Dept. of Computer Science and Information Engineering, National Cheng Kung University, Tainan, 701, Taiwan.
Department of Medical Sciences Industry, Chang Jung Christian University, Tainan, 711, Taiwan.
Biomed Eng Online. 2019 Sep 4;18(1):92. doi: 10.1186/s12938-019-0712-8.
Sleep problem or disturbance often exists in pain or neurological/psychiatric diseases. However, sleep scoring is a time-consuming tedious labor. Very few studies discuss the 5-stage (wake/NREM1/NREM2/transition sleep/REM) automatic fine analysis of wake-sleep stages in rodent models. The present study aimed to develop and validate an automatic rule-based classification of 5-stage wake-sleep pattern in acid-induced widespread hyperalgesia model of the rat.
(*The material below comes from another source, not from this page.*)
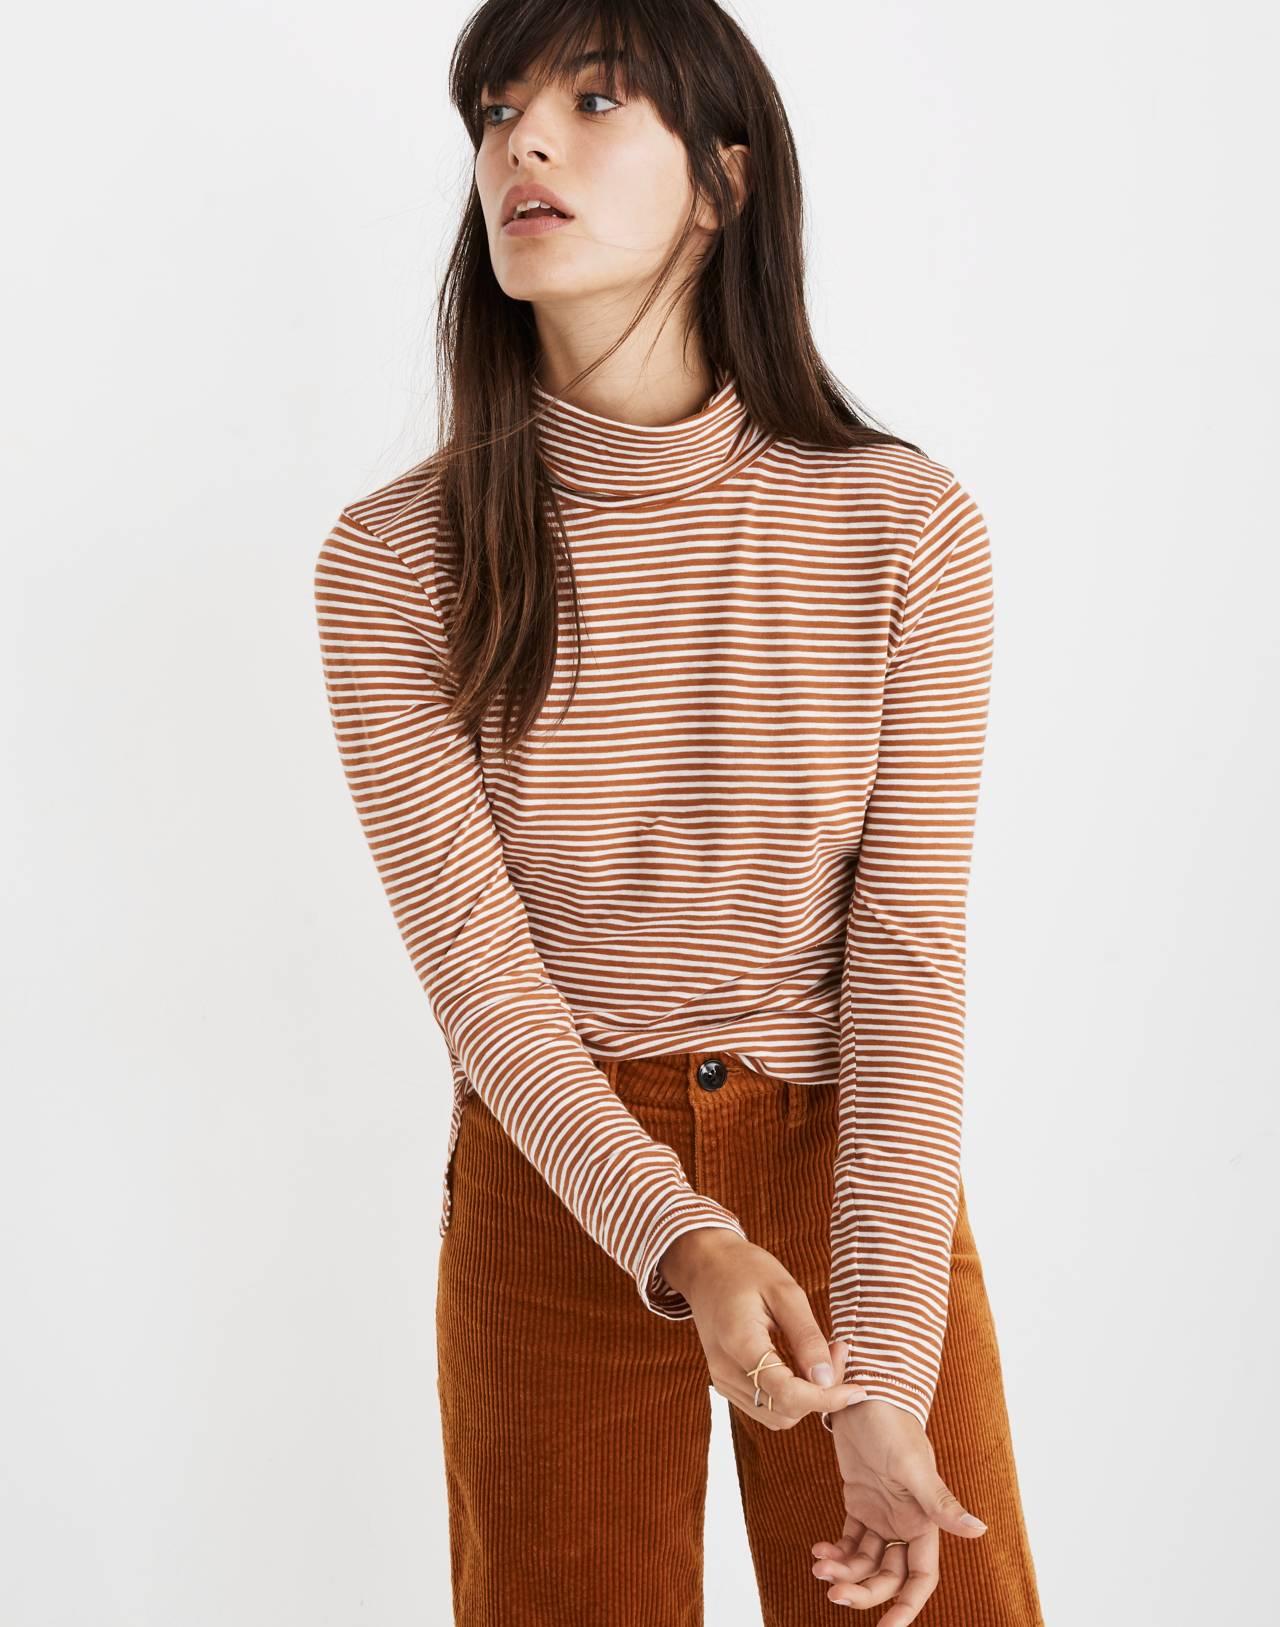 Whisper Cotton Turtleneck in Daniela Stripe in warm nutmeg image 1

The overall agreement between two experts' consensus and automatic scoring in the 5-stage and 3-stage analyses were 92.32% (κ = 0.88) and 94.97% (κ = 0.91), respectively. Standard deviation of the accuracy among all rats was only 2.93%. Both frontal-occipital EEG and parietal EEG data showed comparable accuracies. The results demonstrated the performance of the proposed method with high accuracy and reliability. Subtle changes exhibited in the 5-stage wake-sleep analysis but not in the 3-stage analysis during hyperalgesia development of the acid-induced pain model. Compared with existing methods, our method can automatically classify vigilance states into 5-stage or 3-stage wake-sleep pattern with a promising high agreement with sleep experts.
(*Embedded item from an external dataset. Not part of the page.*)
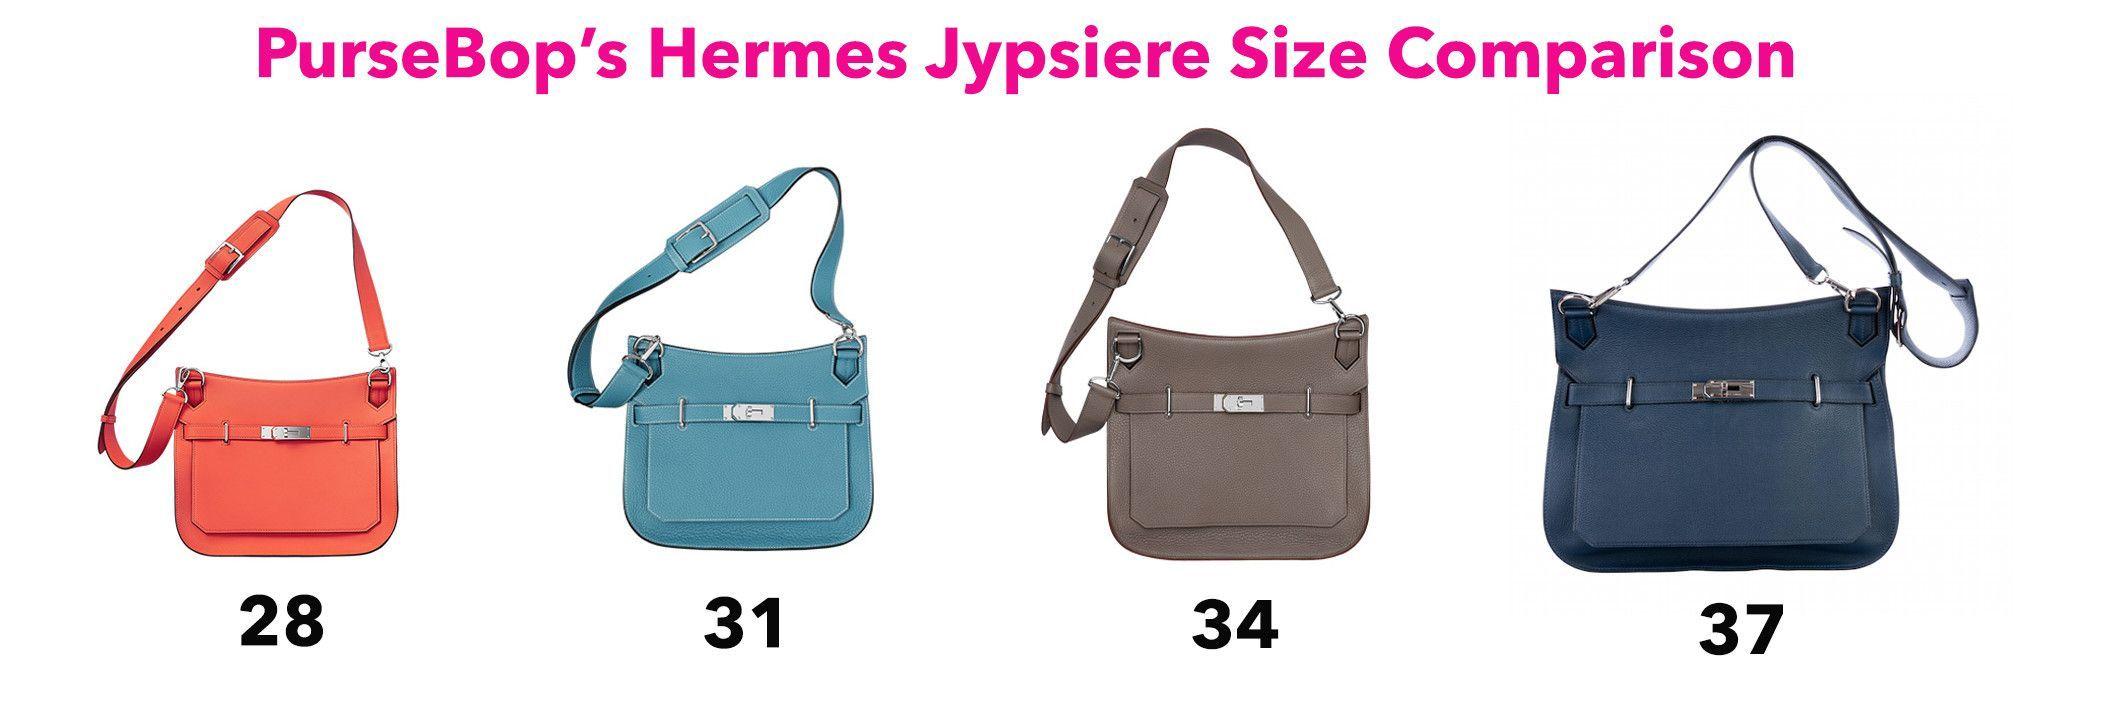 2c770753bd2ff Hermes Highlight: Hermes Jypsiere Reference Guide - PurseBop

In this study, we have performed and validated a reliable automated sleep scoring system in rats. The classification algorithm is less computation power, a high robustness, and consistency of results. The algorithm can be implanted into a versatile wireless portable monitoring system for real-time analysis in the future.
疼痛或神经/精神疾病常伴有睡眠问题或障碍。然而,睡眠评分是一项耗时费力的工作。很少有研究讨论过在啮齿动物模型中对清醒-睡眠阶段进行 5 阶段(觉醒/NREM1/NREM2/过渡睡眠/REM)的自动精细分析。本研究旨在开发和验证一种基于规则的自动分类方法,用于分析酸诱导的广泛痛觉过敏模型中大鼠的 5 阶段清醒-睡眠模式。
两位专家共识和自动评分在 5 阶段和 3 阶段分析中的总体一致性分别为 92.32%(κ=0.88)和 94.97%(κ=0.91)。所有大鼠的准确性标准差仅为 2.93%。额枕 EEG 和顶叶 EEG 数据均显示出相当的准确性。结果表明,所提出的方法具有高精度和高可靠性。在酸诱导疼痛模型的痛觉过敏发展过程中,5 阶段清醒-睡眠分析中表现出细微变化,但 3 阶段分析中则没有。与现有方法相比,我们的方法可以自动将警觉状态分类为 5 阶段或 3 阶段清醒-睡眠模式,与睡眠专家的高度一致。
在这项研究中,我们对大鼠进行了可靠的自动睡眠评分系统的性能验证。分类算法计算量小、鲁棒性高、结果一致性好。该算法可以植入到通用的无线便携式监测系统中,以便将来进行实时分析。